Liechtenstein: Zwergstaat und Steuerparadies

 
Liechtenstein: Zwergstaat und Steuerparadies

Das Fürstentum Liechtenstein ist einer der kleinsten und reichsten Staaten der Erde. Steuervergünstigungen und Bankgeheimnis haben zahlreiche ausländische Investoren und Anleger in den nur 160 Quadratkilometer großen Zwergstaat gebracht.

Das Pro- Kopf-Einkommen ist eines der höchsten weltweit. Die Arbeitslosenquote liegt bei etwa drei Prozent.

An der Spitze der konstitutionellen Erbmonarchie steht Fürst Hans Adam II.,

der die Staatsgeschäfte allerdings Erbprinz Alois übertragen hat.

Außenpolitisch wird das Land zumeist von der Schweiz vertreten, Währung ist der Schweizer Franken.

In dem zwischen Österreich und der Schweiz eingebetteten Steuerparadies leben rund 35 000 Menschen.
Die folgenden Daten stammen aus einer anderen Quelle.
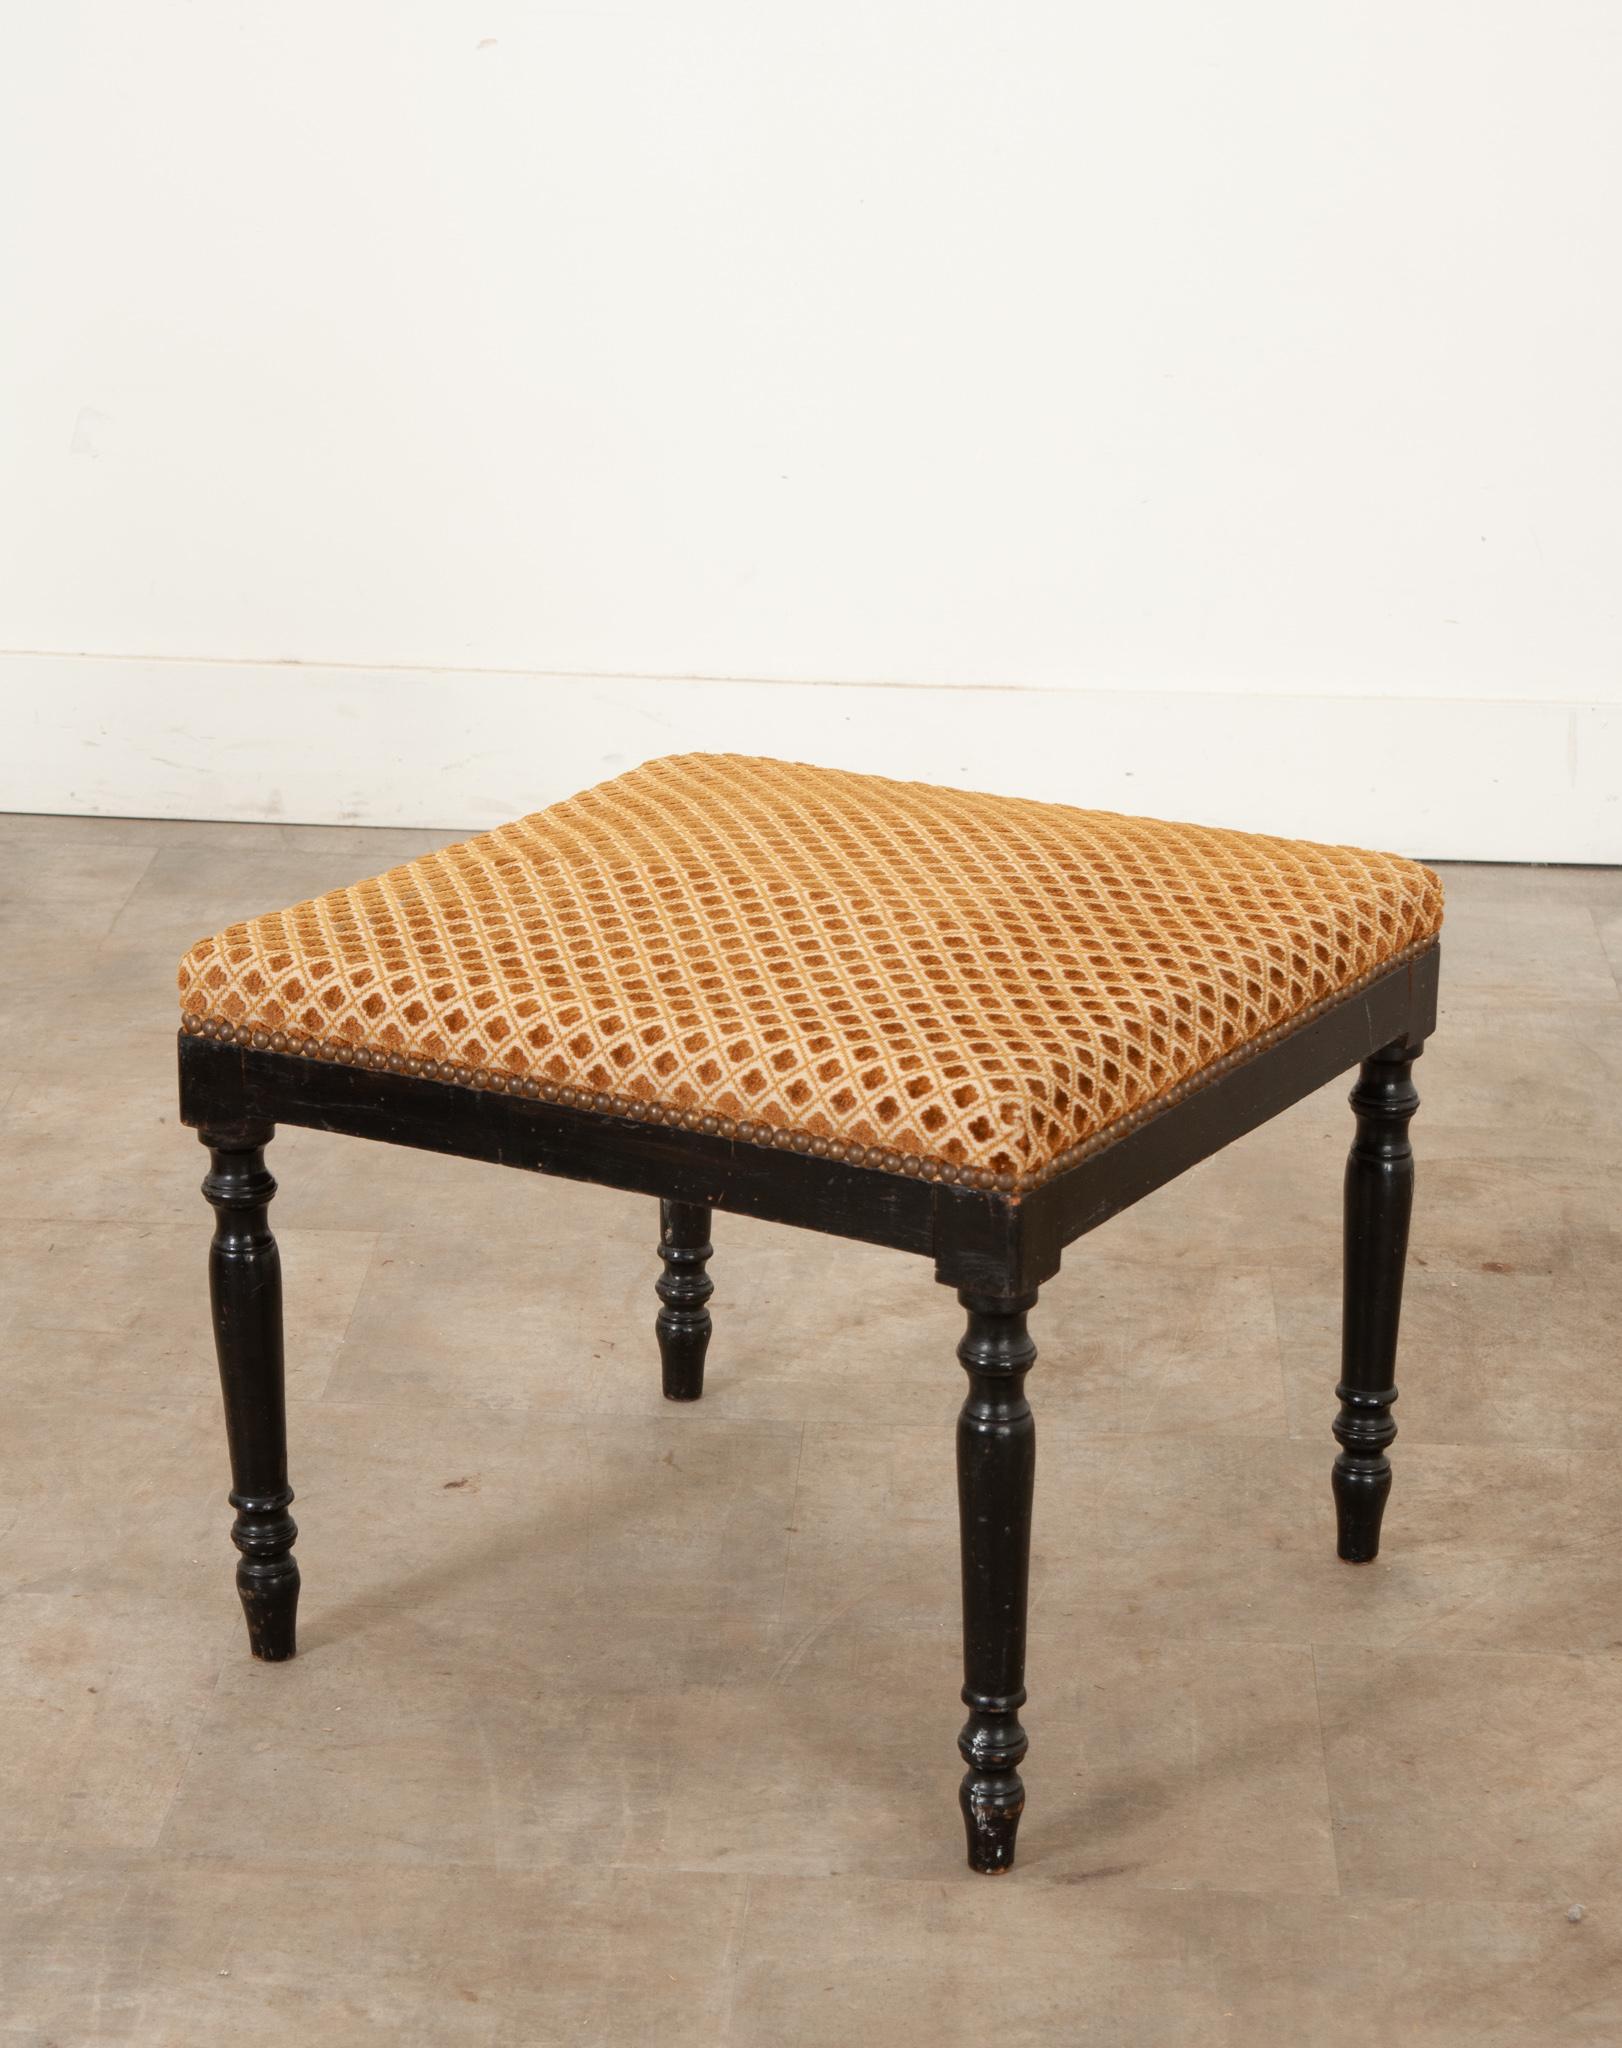 A lightweight square stool from the late 1800’s. The comfortable cushion is covered in cut velvet upholstery and has a diagonal quatrefoil design with nailhead trim. Raised on turned wood legs with an ebonized finish. Be sure to view the detailed

Die Zahl der Briefkastenfirmen, die dort lediglich eine Postadresse haben, soll höher sein.

Den Vorwurf, ein Hort der Geldwäsche zu sein, weist das Land zurück. Seit dem Steuerjahr 2010 kooperiert es bei Steuerbetrug und Steuerhinterziehung mit anderen Staaten.

Seitdem Liechtenstein ein Abkommen zum Informationsaustausch unterzeichnet hat, führt die OECD Liechtenstein nicht mehr auf der Liste der unkooperativen Staaten.

Die Steuerbelastung in Liechtenstein ist deutlich geringer als in anderen Staaten. So beträgt die Erwerbssteuer für natürliche Personen zwischen drei und 17, die Vermögenssteuer zwischen einem und 8 Prozent.

Für Unternehmen gilt ein Kapitalsteuersatz von zwei Prozent, der Ertragssteuersatz reicht von sieben bis 20 Prozent. Sitzunternehmen und Holdinggesellschaften zahlen ein Prozent Kapitalsteuer oder mindestens 1000 Schweizer Franken.